This blog is part of the series featuring ideas contained in the new HEPI-Brightside report, Reaching the parts of society universities have missed: A manifesto for the new Director for Fair Access and Participation. It showcases the idea from Sonia Sodha, Chief Leader Writer at The Observer.
If we were really committed to improving access to top universities, we would bite the bullet and introduce class-based quotas. Progress on this front has been pathetically slow: yes, young people from disadvantaged backgrounds are going to universities in greater numbers than before, but they remain disproportionately shut out of the highest-ranking institutions.
Between 2010 and 2015, four-in-five students admitted to Oxford and Cambridge came from the top two social classes; only 6 per cent had parents in routine or semi-manual work. This matters: where you graduate from profoundly affects your lifetime earnings.

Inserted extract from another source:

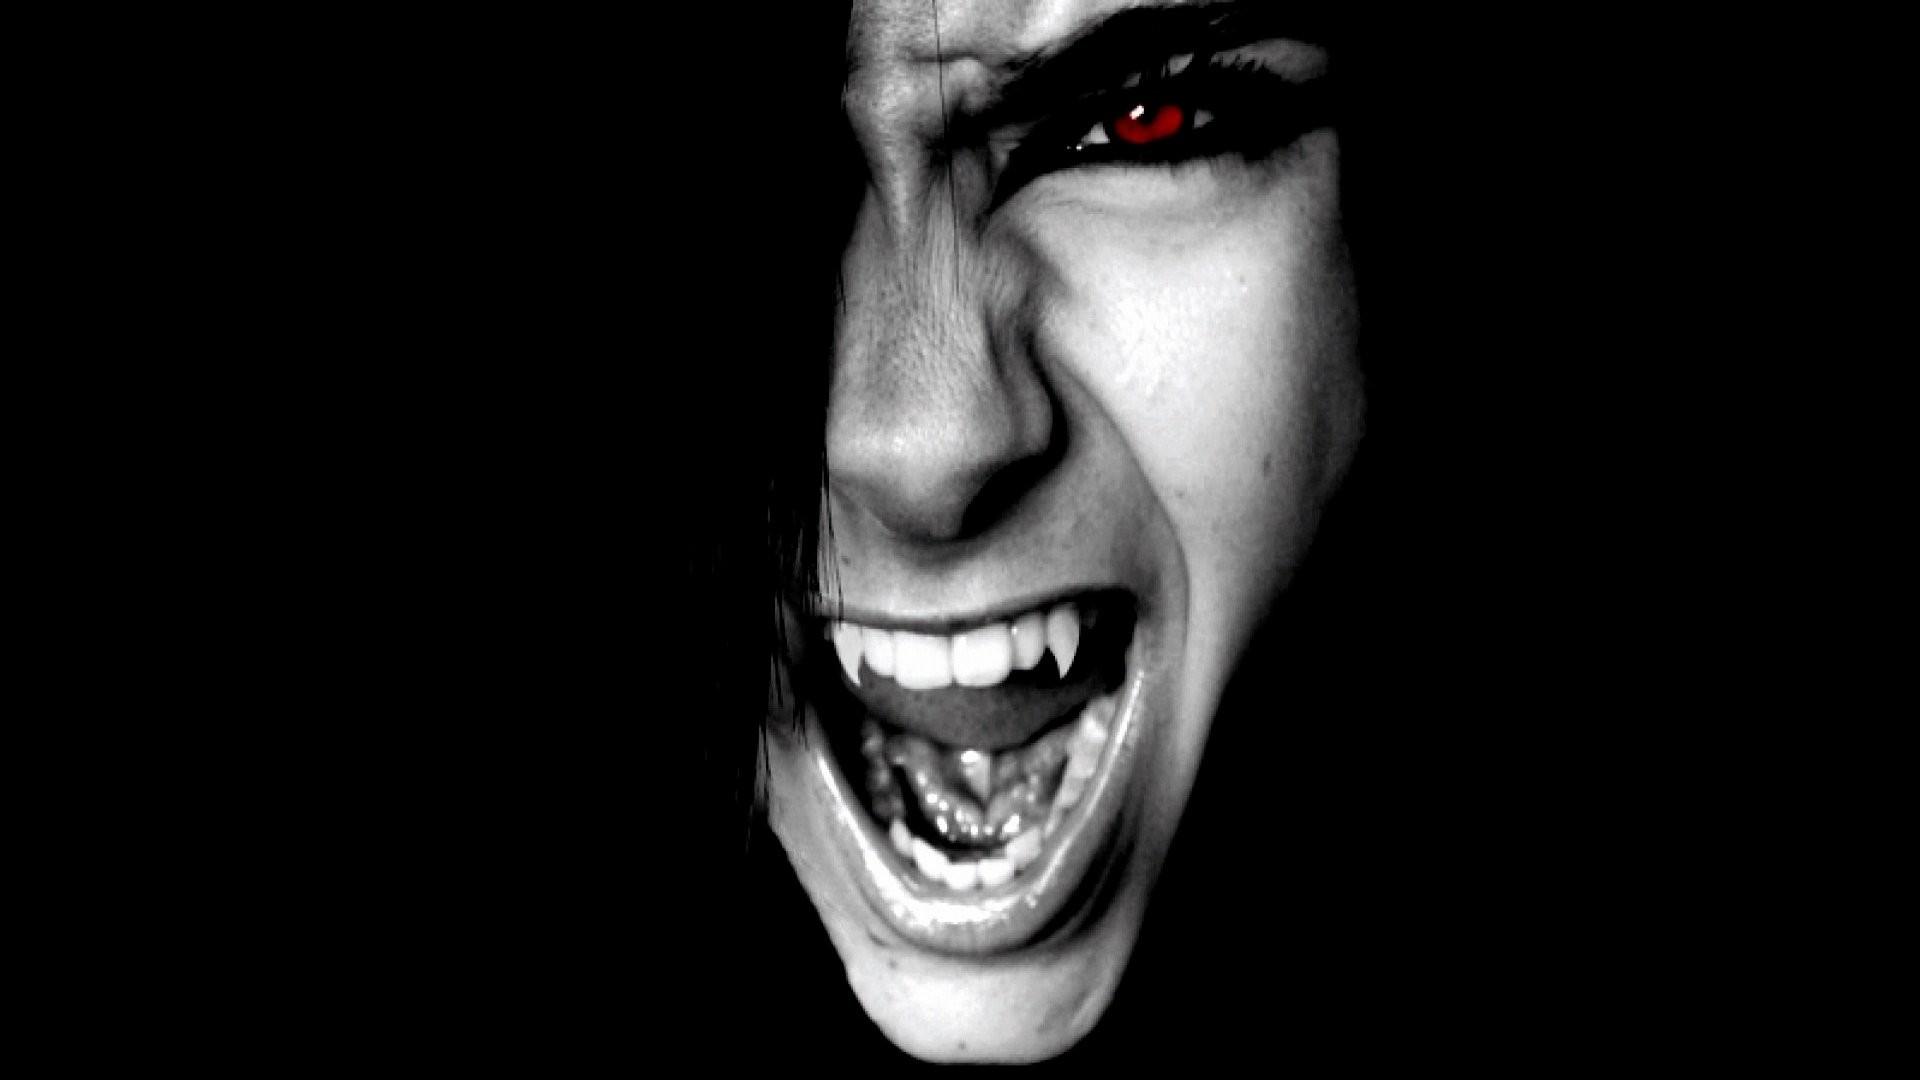 Res: 1920x1080, widescreen, creepy, evil, digital art, horror, backgrounds, scary,dark,  spooky, digital images windows desktop images Wallpaper HD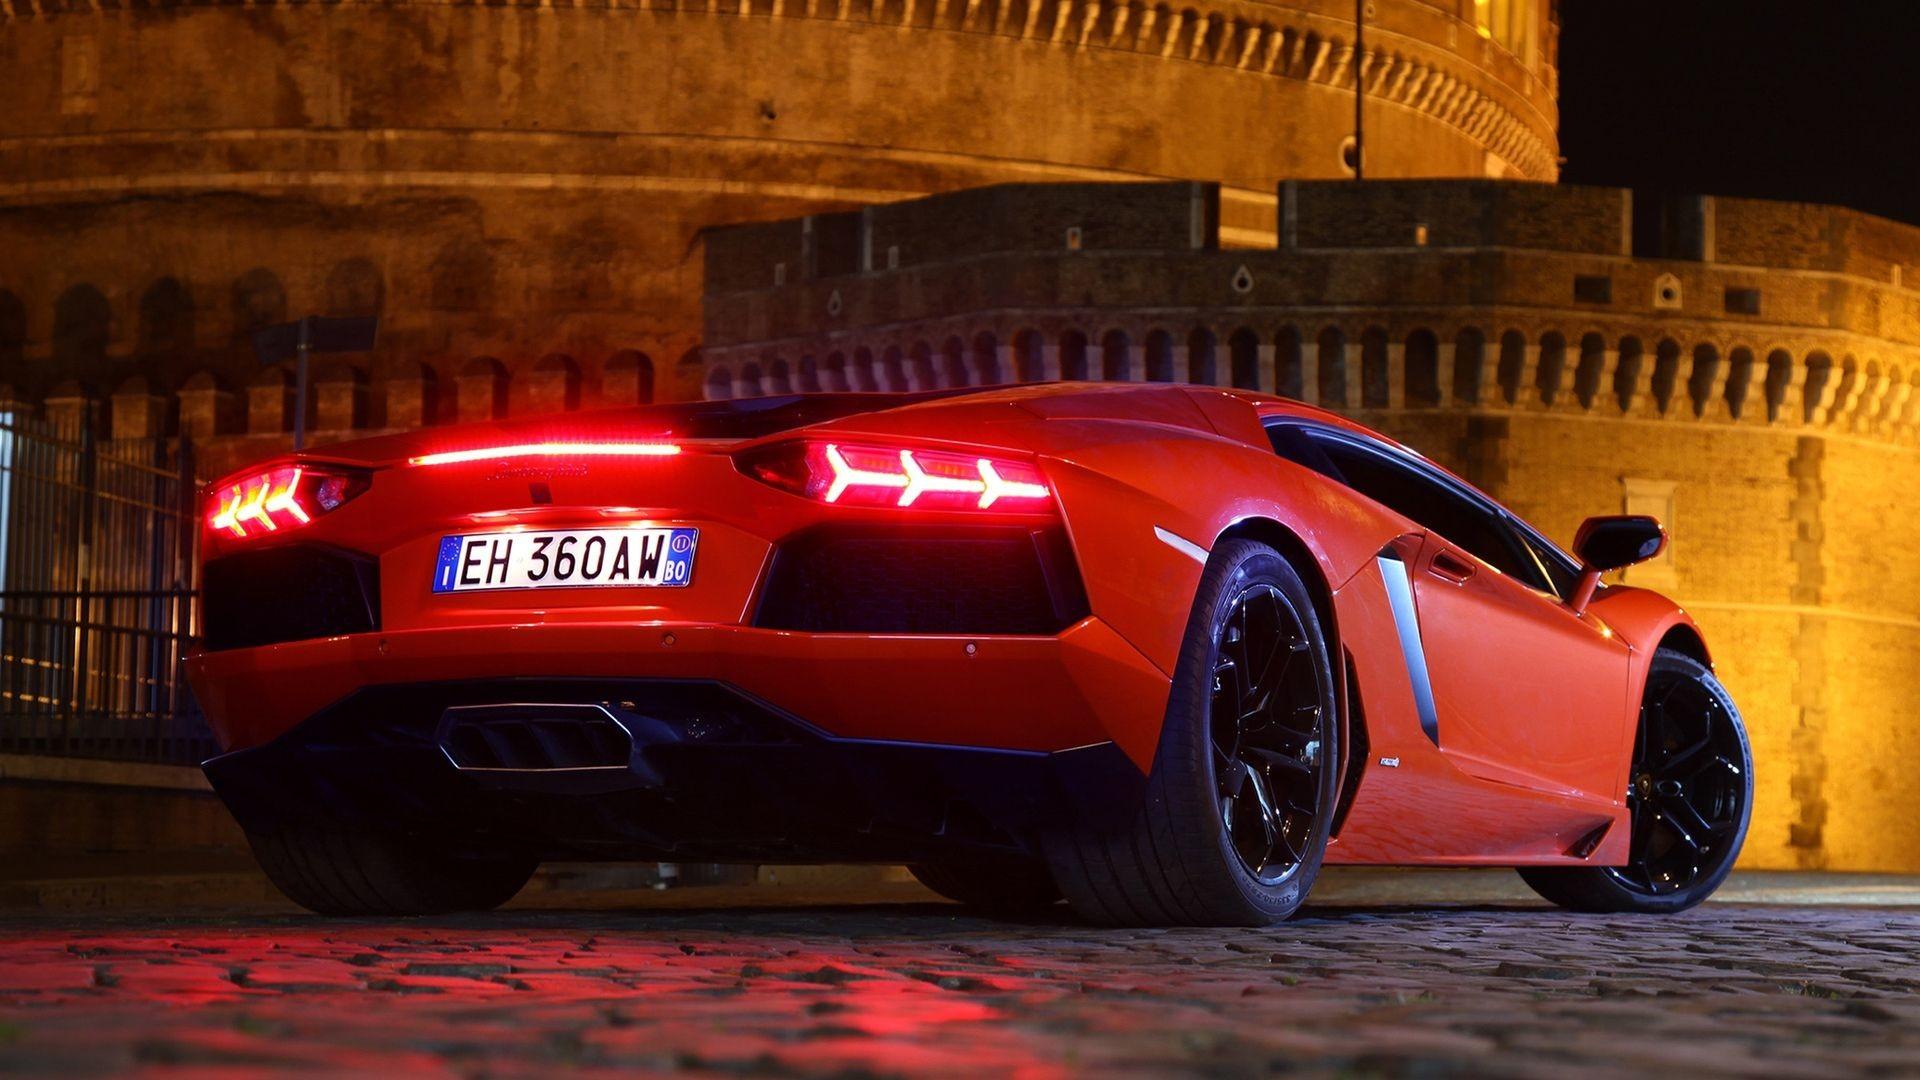 1920x1080 Red Lamborghini Aventador HD Wallpapers 1080p Cars

Enough is enough. It is time to recognise our top universities are more zero-sum than we have previously acknowledged. The Office for Students should reintroduce a cap on student numbers – there is some evidence the economic gains from increasing student numbers stalled back in the mid-2000s – and introduce hard quotas for students from working- class backgrounds for each university.
This would help break down the unfair and stubborn middle- class lock on privilege. It would also force more middle-class students down a vocational route – surely the only way we are ever going to get parity of esteem between post-18 vocational and academic qualifications.